The expert of said organization in financial crimes is Konrad Duffy, who sees in Berger, as he explains to elDiario.es“a key figure in the cum/ex operations scandal, because he made it possible to expand the group of people who participated in those operations.”

“Berger made it possible for private investors to participate in these operations, which were previously reserved, so to speak, for financial institutions,” adds Duffy. Only in the trial that Berger attended this week in Bonn is he accused of having participated in the tax evasion of 278 million euros.

Despite defending the legality of the financial management that made it possible to enrich his clients – and his own – Berger fled to Switzerland in 2012 just when the German authorities became interested in his business, carrying out searches in his Frankfurt offices.

Following his career as a tax controller in the banking sector in Frankfurt, Berger worked for various German and international law firms. In 2010 he founded a law firm with his name and that of several associates.

Since 2007, according to the Prosecutor’s Office, he would have already launched cum / ex operations. At that time, Berger worked for the banks HypoVereinsbank and MM Warburg. As explained by the weekly Die Zeit, Berger then proselytized what seemed like “a perfect deal.” It was so “perfect” that when in 2019 those involved in another less relevant cum/ex case than Berger’s were sentenced in Cologne, the judge spoke of a “criminal masterpiece”. Such a crime, apparently, is only available to a few.

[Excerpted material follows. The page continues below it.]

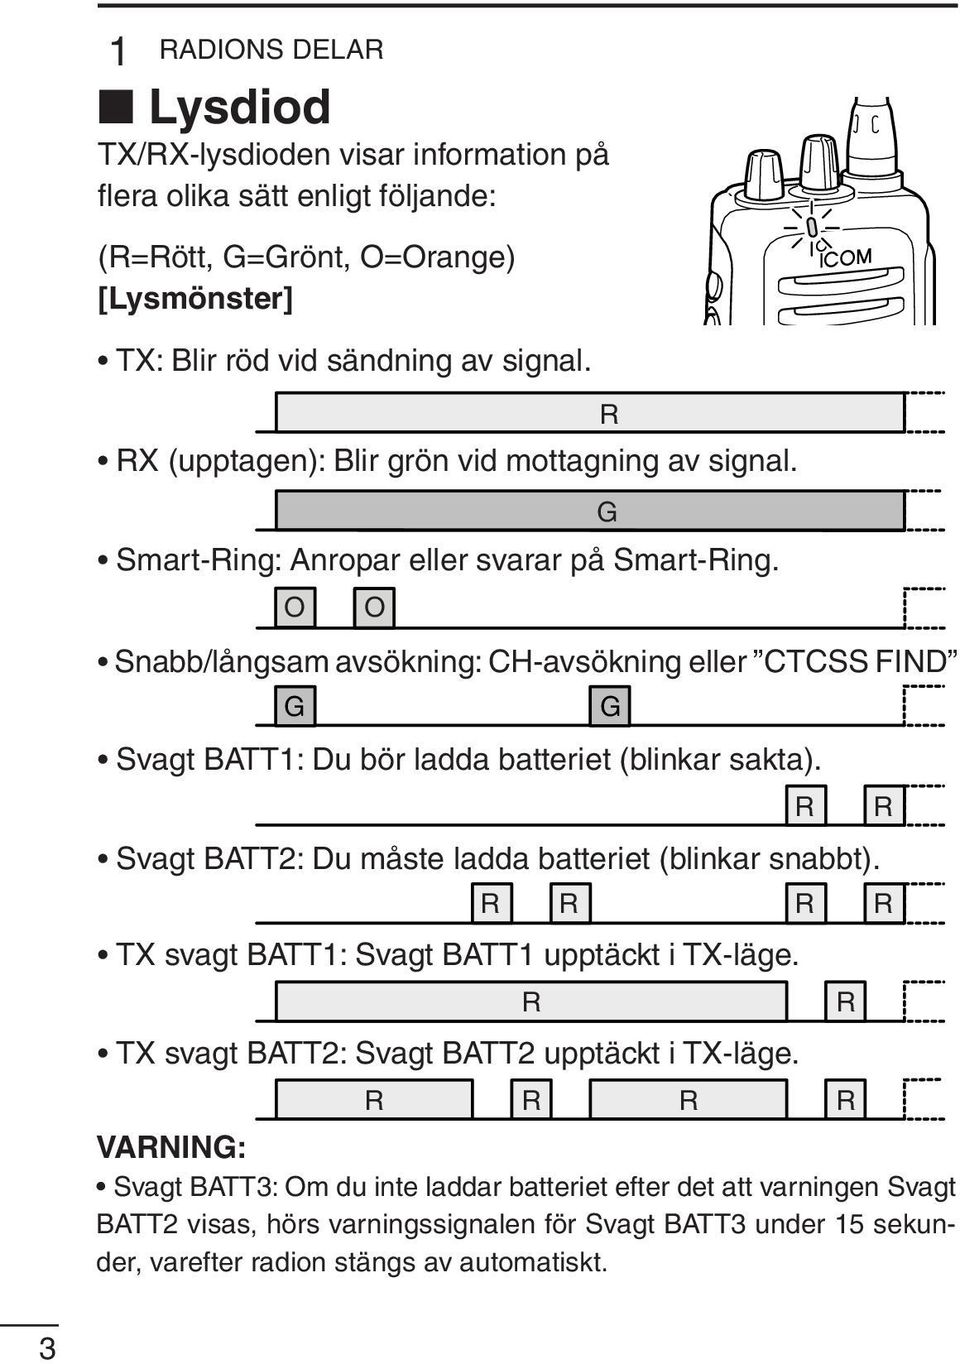 O O Snabb/långsam avsökning: CH-avsökning eller CTCSS FIND /långsam ing G G Svagt BATT1: Du bör ladda batteriet (blinkar sakta). Svagt BATT2: Du måste ladda batteriet (blinkar snabbt).

A good tax collector who went over to the other side

“Berger’s case is the best known, because he is one of the best known figures. We must bear in mind that we are talking about someone who, first, worked for the German State, becoming someone very feared by many companies because he did his job very well collecting taxes, ”explains Duffy from Finanzwende.

“He was so good that he rose very quickly in the Civil Service, and this is what makes his case particularly notorious. In addition, it is also because he later changed sides and because he knew the laws and their weak points so well that he thought he found ways to avoid the law… although in reality he never did”, abounds this expert in financial crime.

Duffy alludes to the fact that Berger did not incur, ultimately, in taking advantage of a kind of legal vacuum. On the contrary, theirs would always have been criminal activities. Hence, according to the Prosecutor’s Office, now it is not a question of proving that the cum/ex deals are legal or not in the Bonn trial. The question there is whether or not Berger was involved in these illegalities.

Berger, self-proclaimed “architect” cum/ex

The information that accounts for the case in Germany these days does not seem to offer doubts about that participation. Moreover, as the newspaper recalled this week Frankfurter Allgemeine ZeitungBerger himself defined himself in 2019 in an interview with the economic weekly Capital as the “architect” of a questionable business for which he now has to defend himself in court.

In the tax evasion case being tried in Bonn, if he is found guilty as charged, he could face up to ten years in prison. However, Berger not only has unfinished business with the courts in Bonn. Starting next June he is expected to start another case against him in Wiesbaden for other cum/ex operations.

According to the accounts they offer in the Finanzwende organization, Berger’s is just one case of many that remain to be opened. Up to 10,000 million euros would have been stolen from the German coffers between 2001 and 2011 with cum/ex operations. An eventual exemplary conviction against Berger will not cover the work that the German tax authorities still have pending.

At the end of 2021, there were 103 open cases of cum/ex operations. There were only convictions in three of them.